なお、この「ホストに付けられた IPアドレスなら受信したネットワークインタフェースに関係なく応答する」という挙動は、

net.ipv4.conf.(ネットワークインタフェース名).arp_ignore

というsysctl変数により制御が可能です。(ネットワークインタフェース名)の部分は、ARPリクエストを受信するインタフェースとなります。
ここでの例では、eth0 です。この変数の値を 1 に設定することで、そのネットワークインタフェース以外に付けられたIPアドレスの解決要求を無視することになります。(※3

この変数の効果を確認する為に、host-xでこの変数を 1 に設定し、再度host-aから 192.168.14.128 についての解決要求を送信してみます。

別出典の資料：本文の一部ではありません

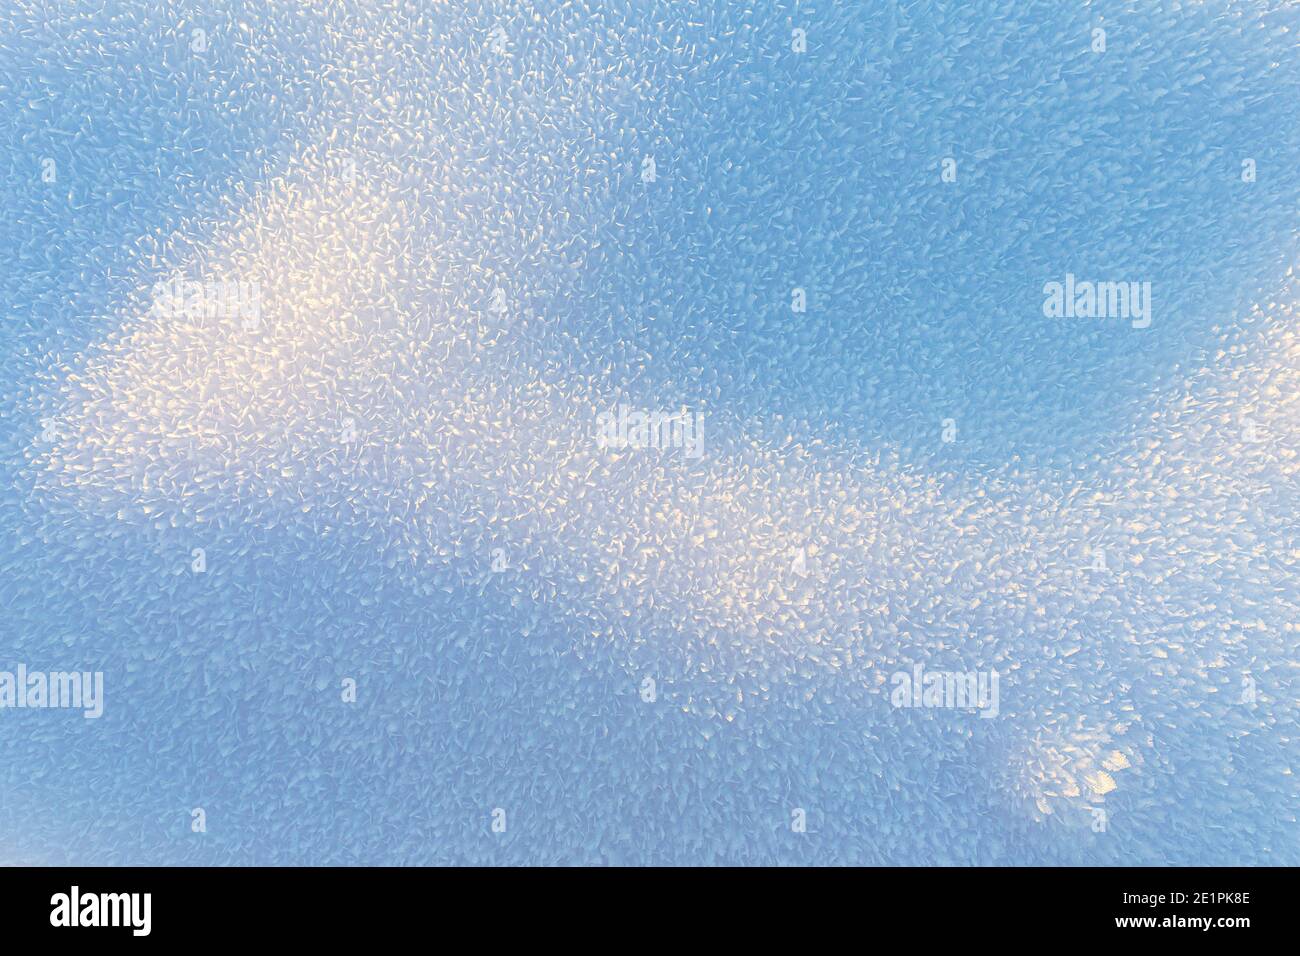 Magnifique gradient, fond naturel d'hiver de glace et de cristaux de neige illuminés par le soleil. Banque D'Images
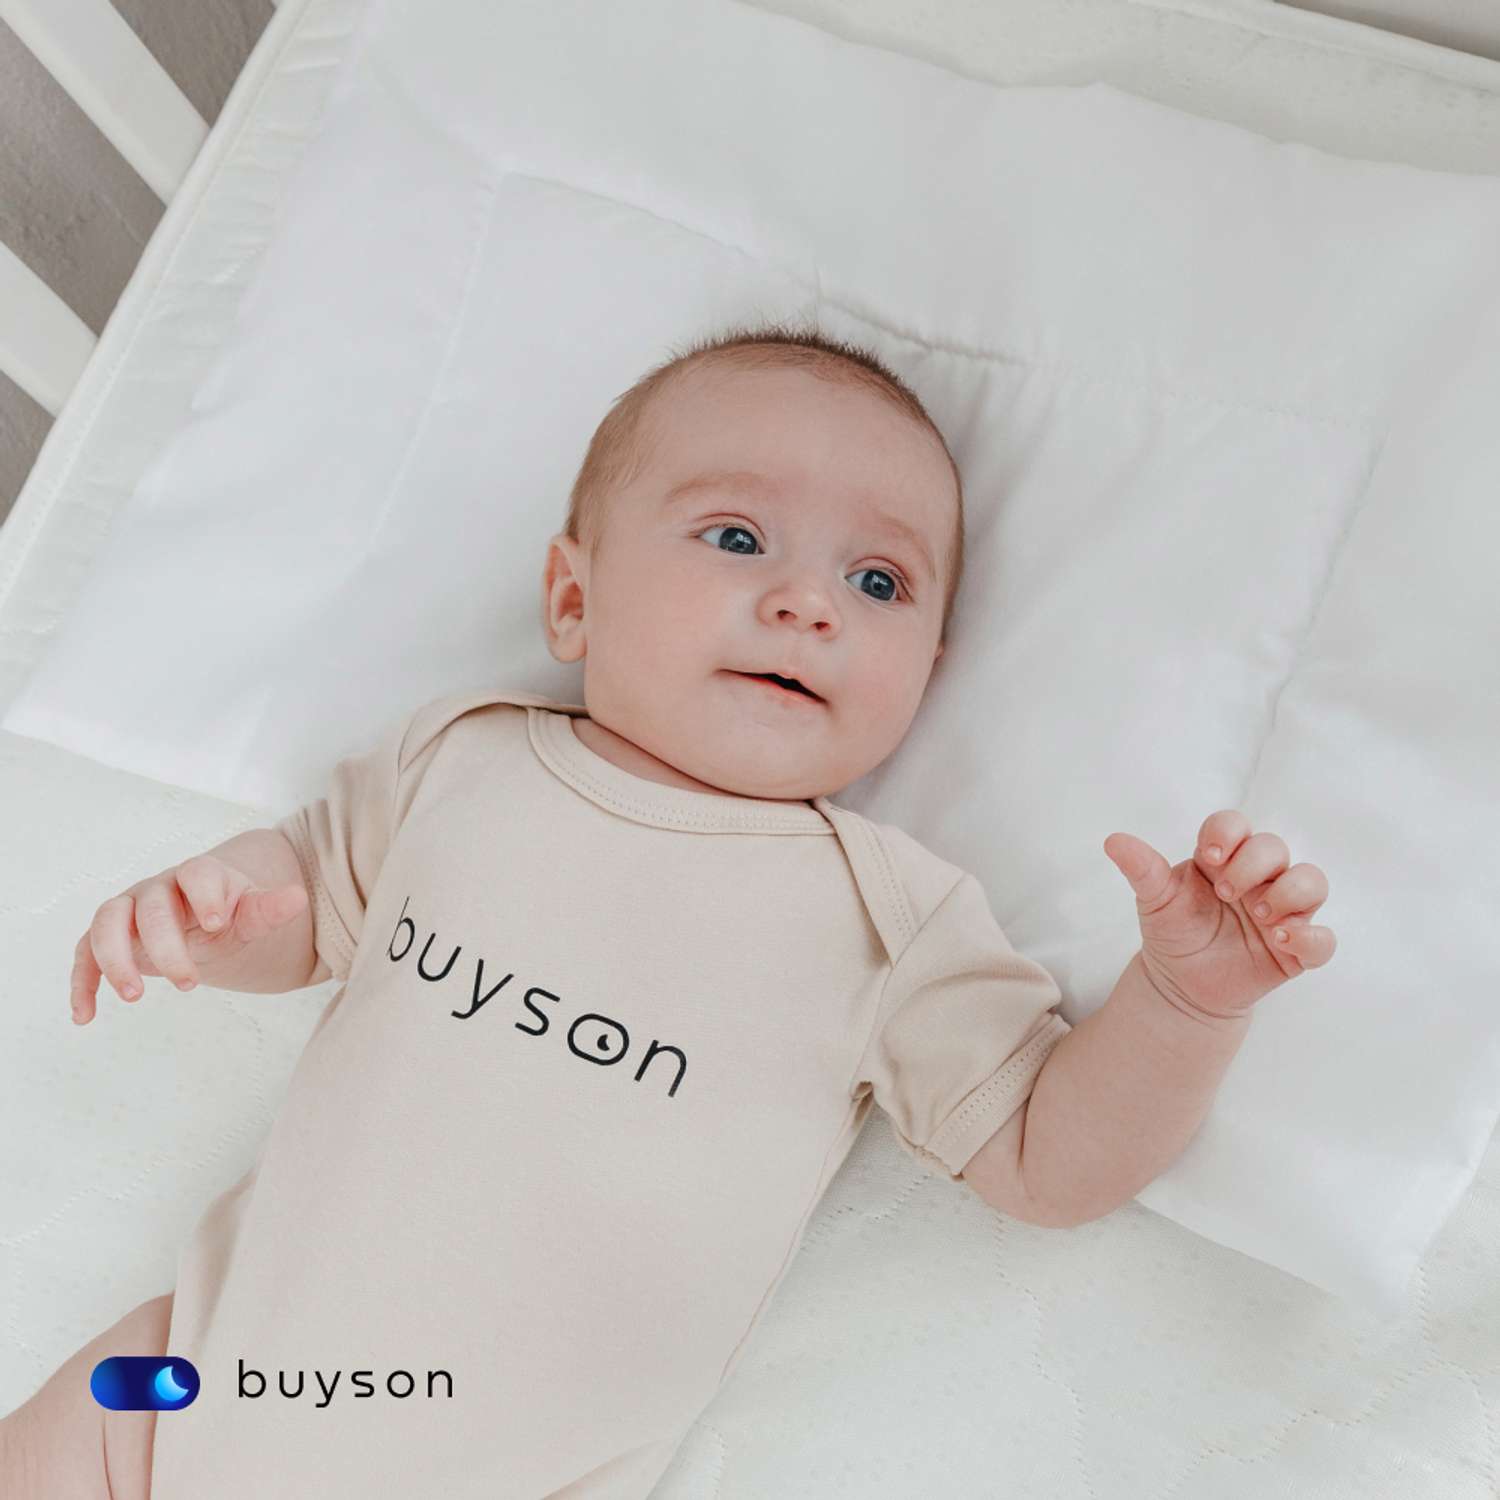 Анатомическая подушка buyson BuyMini для новорожденных от 0 до 3 лет 35х55 см высота 3 см - фото 11

host-x# /sbin/sysctl -w net.ipv4.conf.eth0.arp_ignore=1
net.ipv4.conf.eth0.arp_ignore = 1

host-a# arping -i eth0 -t ff:ff:ff:ff:ff:ff 192.168.14.128
ARPING 192.168.14.128
^C
--- 192.168.14.128 statistics ---
44 packets transmitted, 0 packets received, 100% unanswered

今度は、192.168.14.128 についての解決要求に対して応答が返されないことがわかります。なお、ここでは実際に確認はしませんが、192.168.1.20 についての解決要求は今までと変わらず応答が返されます。

以上、LinuxのARPに対する挙動を見てきました。これらからわかるように、他のOSを用いた場合には完全に隔離した状態にできているネットワークでも、デフォルトの状態のLinuxを用いた場合には完全には隔離できないケースがあることがわかります。

また、今回の例では 192.168.14.128 のネットワークインタフェースはイーサネットのネットワークインタフェースでしたが、これはイーサネット限定ではなく、擬似的なネットワークインタフェースであってもあてはまる話です。例えば、Xenの仮想マシン環境をNATで構成し、domain 0 のカーネルとしてLinuxを使う場合にもあてはまります。この場合、domain 0 のvifネットワークインタフェースにはIPアドレスが割り当てられるので、仮想マシン環境を他に影響しないように構成したい場合には注意が必要になる場合があります。ただし、よほど複雑に構成されたネットワーク環境でない限り、ここで挙げた話が実際に問題となることは少ないとは思われます。

  • ※1 ループバックアドレスとマルチキャストアドレスは除く。
  • ※2 http://www.habets.pp.se/synscan/programs.php?prog=arping
  • ※3 ゼロか非ゼロで挙動が決定されているわけではなく、2 以上の値にもそれぞれ意味が定義されている。Linuxカーネルソースの net/ipv4/arp.c にあるarp_ignore()関数が参考になる。